Election officials should pursue improvements to election technology, ballot security and post-election audits, Halderman said.
“The vulnerabilities are significant, and the state should take responsible steps promptly to reduce the risk that they’ll be exploited,” Halderman said. “That doesn’t mean it’s time to panic, and it doesn’t mean that there is proof that any past election has been tampered with. But it does mean it’s time to act.”
Dominion said in a statement said the security of its voting system has been proven through thousands of elections and recounts.
“These issues require unfettered physical access to election equipment, which is already prohibited,” a Dominion spokeswoman said.
A hack that exploited voting touchscreens could alter bar codes so that ballots were tabulated inconsistently with the human-readable text of the ballot, according to the CISA report. If that happened, voters won’t be able to verify that their choices were what is actually counted.
The secretary of state’s office has been discussing whether to abandon bar codes in favor of a full ballot for more than a year, Sterling said.
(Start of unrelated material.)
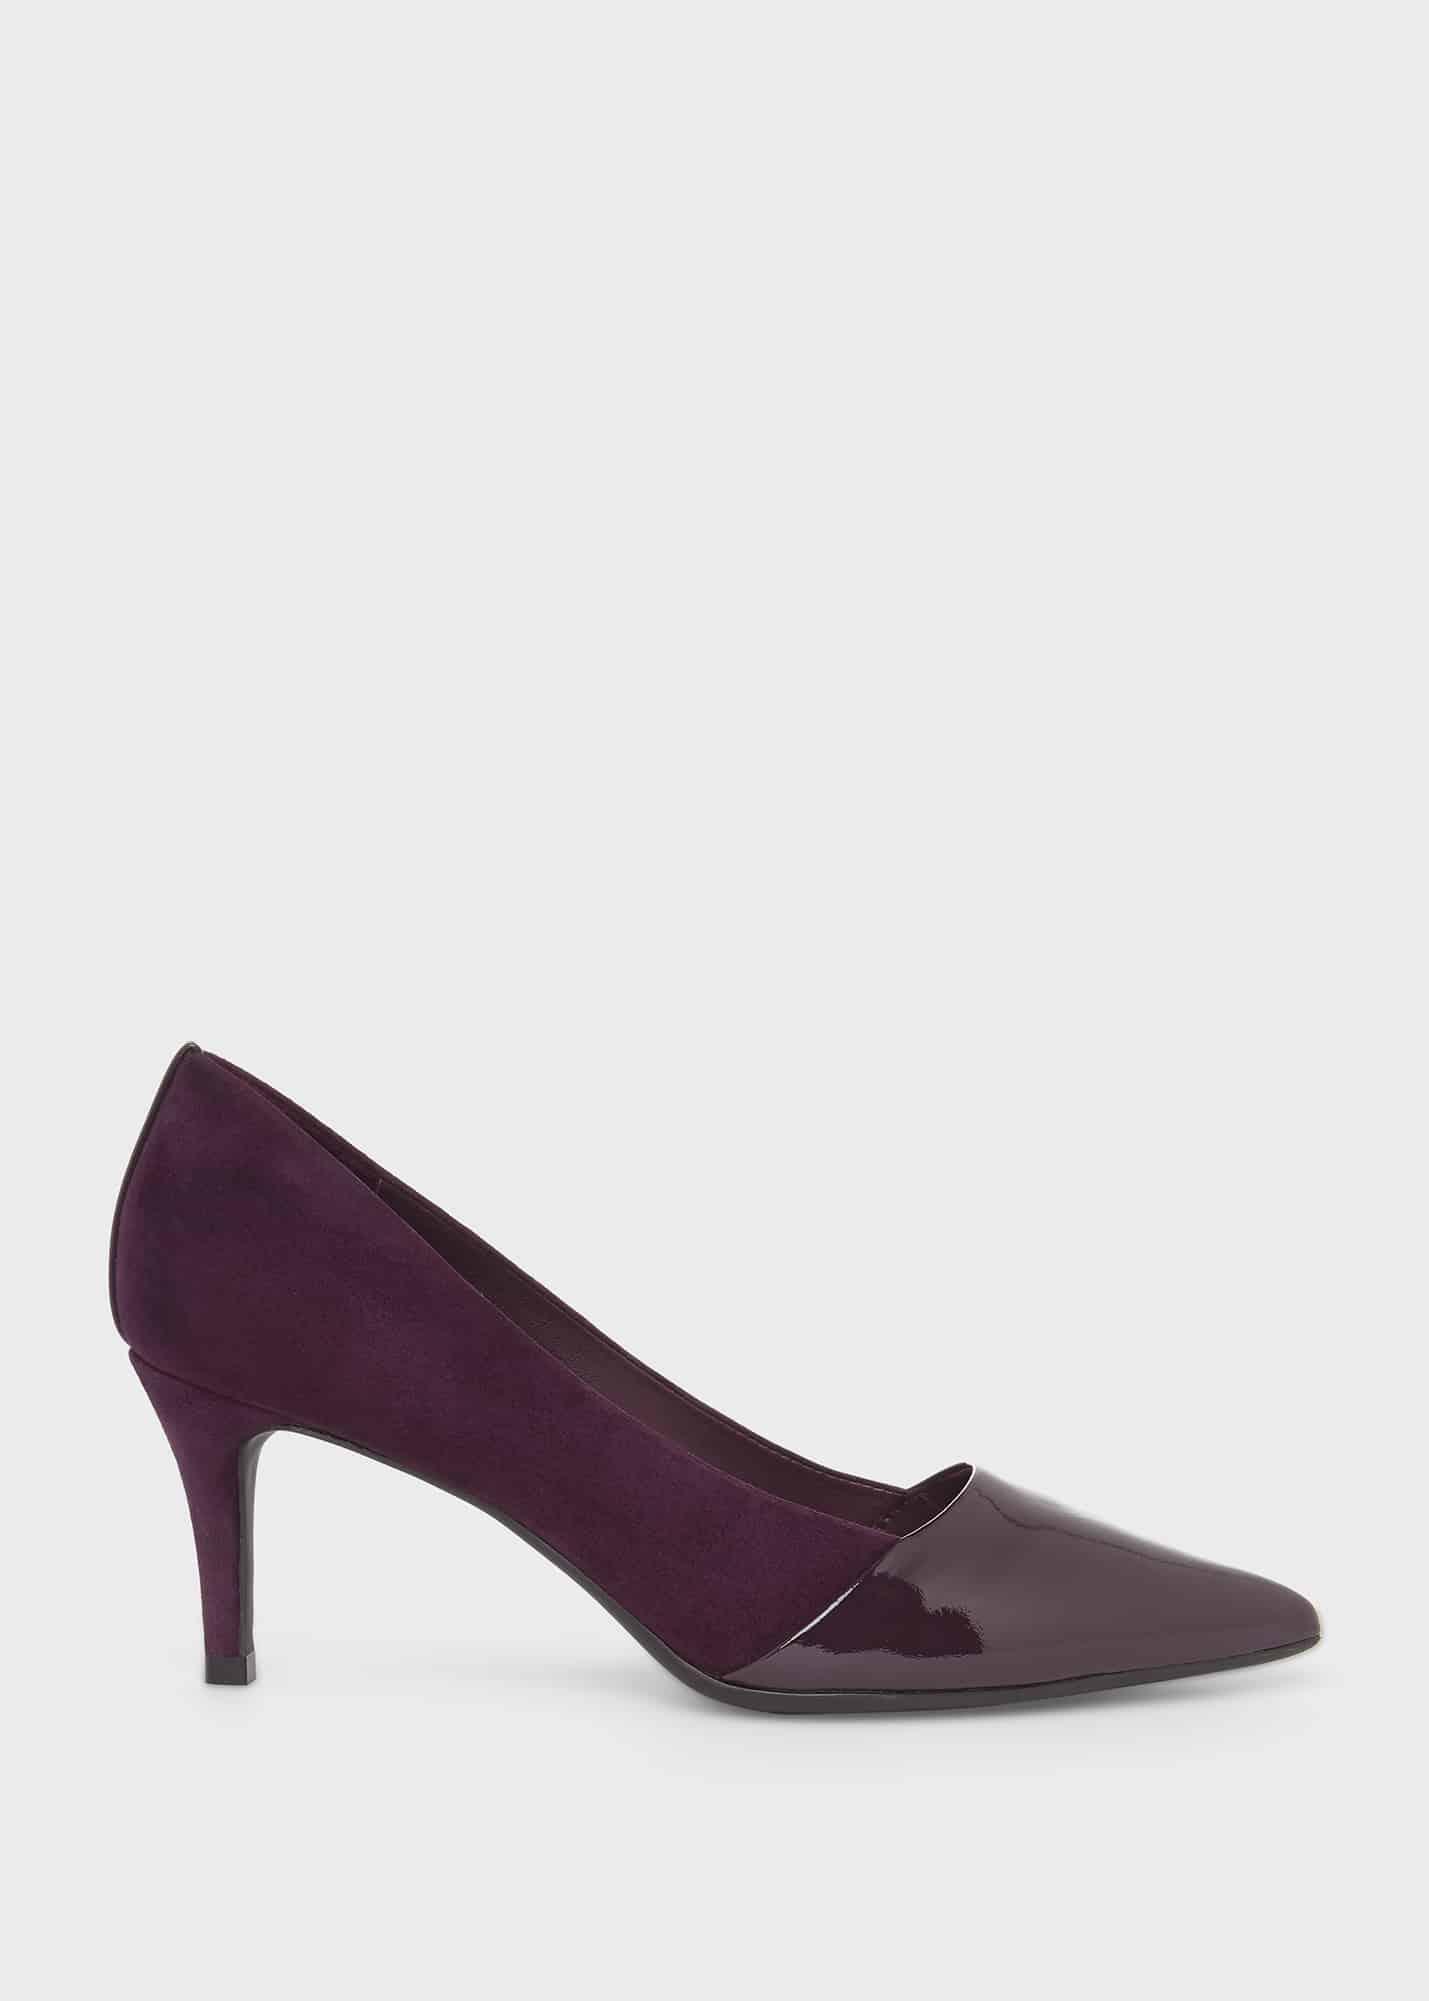 Hobbs Women Rowan Suede Court Shoes

But that kind of change would create difficulties for auditing multipage ballots and drive up ballot printing costs borne by taxpayers.
Voters can help prevent the possibility of election tampering by reviewing printed ballots in polling places to ensure they’re accurate, said Mark Lindeman of Verified Voting, a national election integrity organization that focuses on election technology.
“Voters need to be able to check their ballots,” Lindeman said. “It helps if you can hold a ballot and read it.”
A study commissioned by the secretary of state’s office found just 49% of voters spent at least one second looking at their printed-out paper ballots.
The CISA advisory also suggests that election officials encourage voters to verify the human-readable portion of printed ballots.